Charlie Guidry, Esquire

United States Securities and Exchange Commission

Division of Corporation Finance

100 F Street, NE

Washington, DC 20549

 


Re:

Force Protection Video Equipment Corp.  

Registration Statement on Form S-1

Filed October 11, 2016

File No. 333-214046

 

Dear Mr. Guidry:


The following responds to the comments of the staff of the Division of Corporation Finance (the “Staff”) of the Securities and Exchange Commission (the “Commission”) as set forth in its comment letter dated November 9, 2016 (the “Comment Letter”) relating to the above-referenced Registration Statement on Form S-1 (the “Registration Statement”) filed by Force Protection Video Equipment Corp.  (the “Company”). All capitalized terms not specifically defined herein shall have the meaning assigned to such terms as set forth in the Registration Statement. This letter sets forth the comments of the Staff in the comment letter (numbered in accordance with the comment letter) and following each comment, sets forth the Company’s response.    


General


1.

In addition to the shares registered in this filing, we note that between March and August of this year you issued RDW 118,354,107 shares of common stock, which is approximately 71% of your current non-affiliate public float. And, when combined with the shares registered in this filing, this percentage increases to 76%. We also note that RDW is contractually limited to a 4.99% or less ownership stake and that RDW is not listed in the beneficial owner table, on page 37. Consequently, we assume that RDW sold at least 95% of the 118,354,107 shares into the market in the previous eight months, only 2,415,000 of which were in registered in your most recent registration statement.

The short time frame of the sales and the large percentage of your non-affiliate public float the shares represent, especially when combined with the shares registered in this filing, raise questions about whether RDW is acting on your behalf. If RDW is so acting, then this filing cannot be conducted as an at-the-market offering because the securities are not qualified to be registered on Form S-3. Please fix the price of this offering. See Securities Act Rule 415(a) (4) for additional guidance.

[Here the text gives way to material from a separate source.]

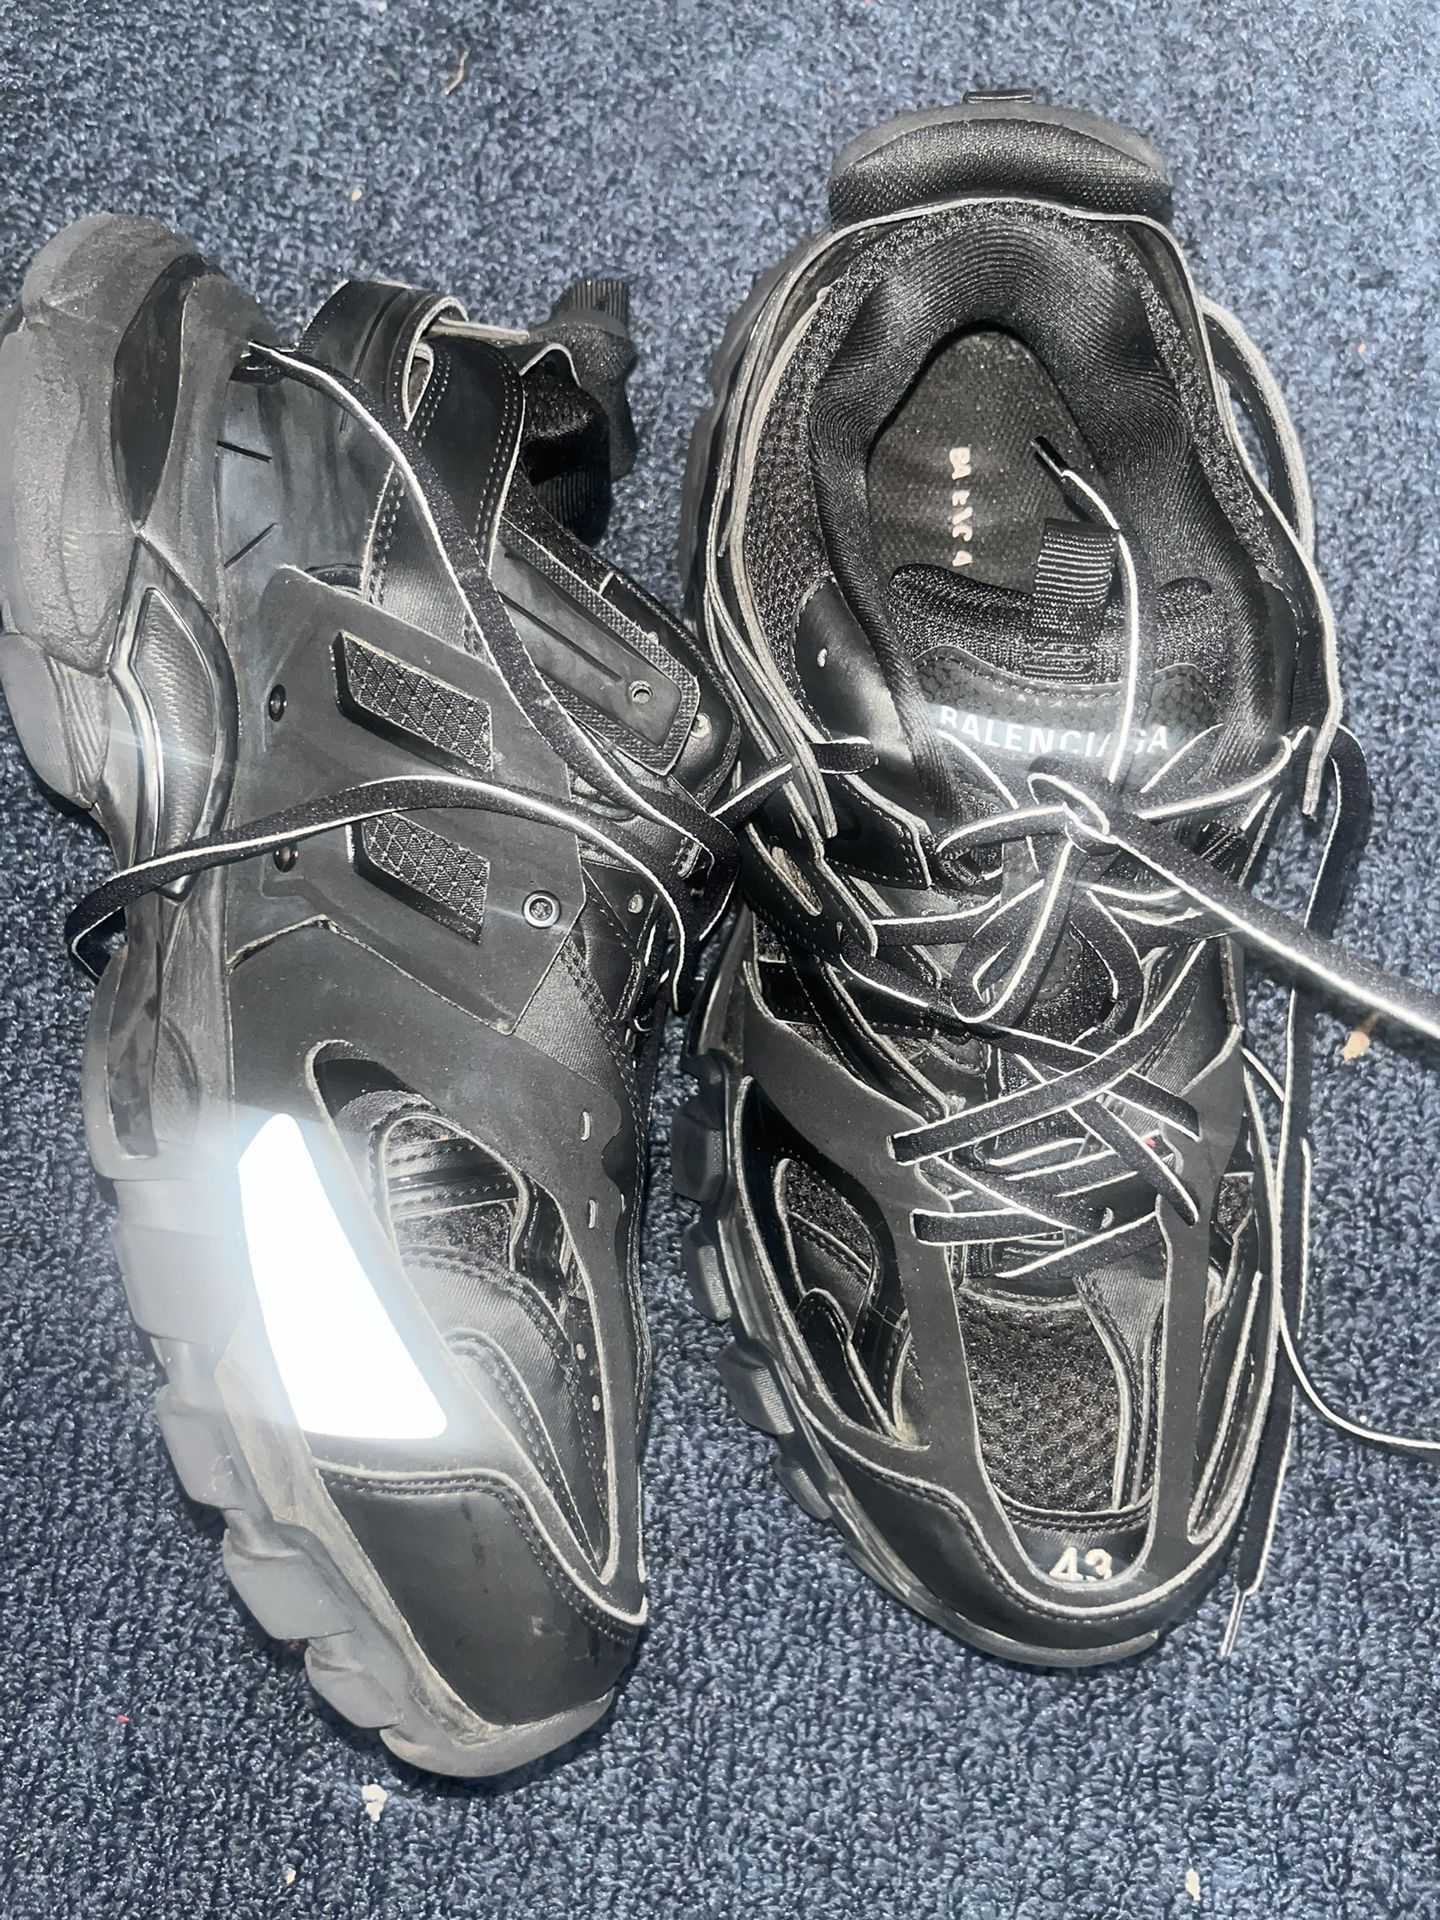 Balenciaga Track Runners 43 for Sale in San Francisco, CA OfferUp

Alternatively, tell us why, given your recent history with RDW, RDW is not acting on your behalf in connection with this offering. Your analysis should include an application of Securities Act Rules Compliance and Disclosure Interpretations No. 612.09 to your facts.


Response:


We addressed this comment in our previous correspondence to the SEC dated November 21, 2016 and have been informed that our explanation was satisfactory.



Risk Factors

Risks Related to the RDW Financing and our Common Stock

Common Shares that we issue upon conversion of promissory notes ... , page 9

2.

In this risk factor, please supplement your discussion of the dilutive effect of conversion of the RDW Notes by providing an example of dilutive effect previous RDW transactions have had, including the total number of shares not only registered, but issued, in connection with the your most recent registration statement, on Form S-I (333-209623).


Response:


We have added language as to the dilutive effect of the conversion of the previous RDW notes which include the total number of shares which were registered as well as the additional shares which were issued but not registered.  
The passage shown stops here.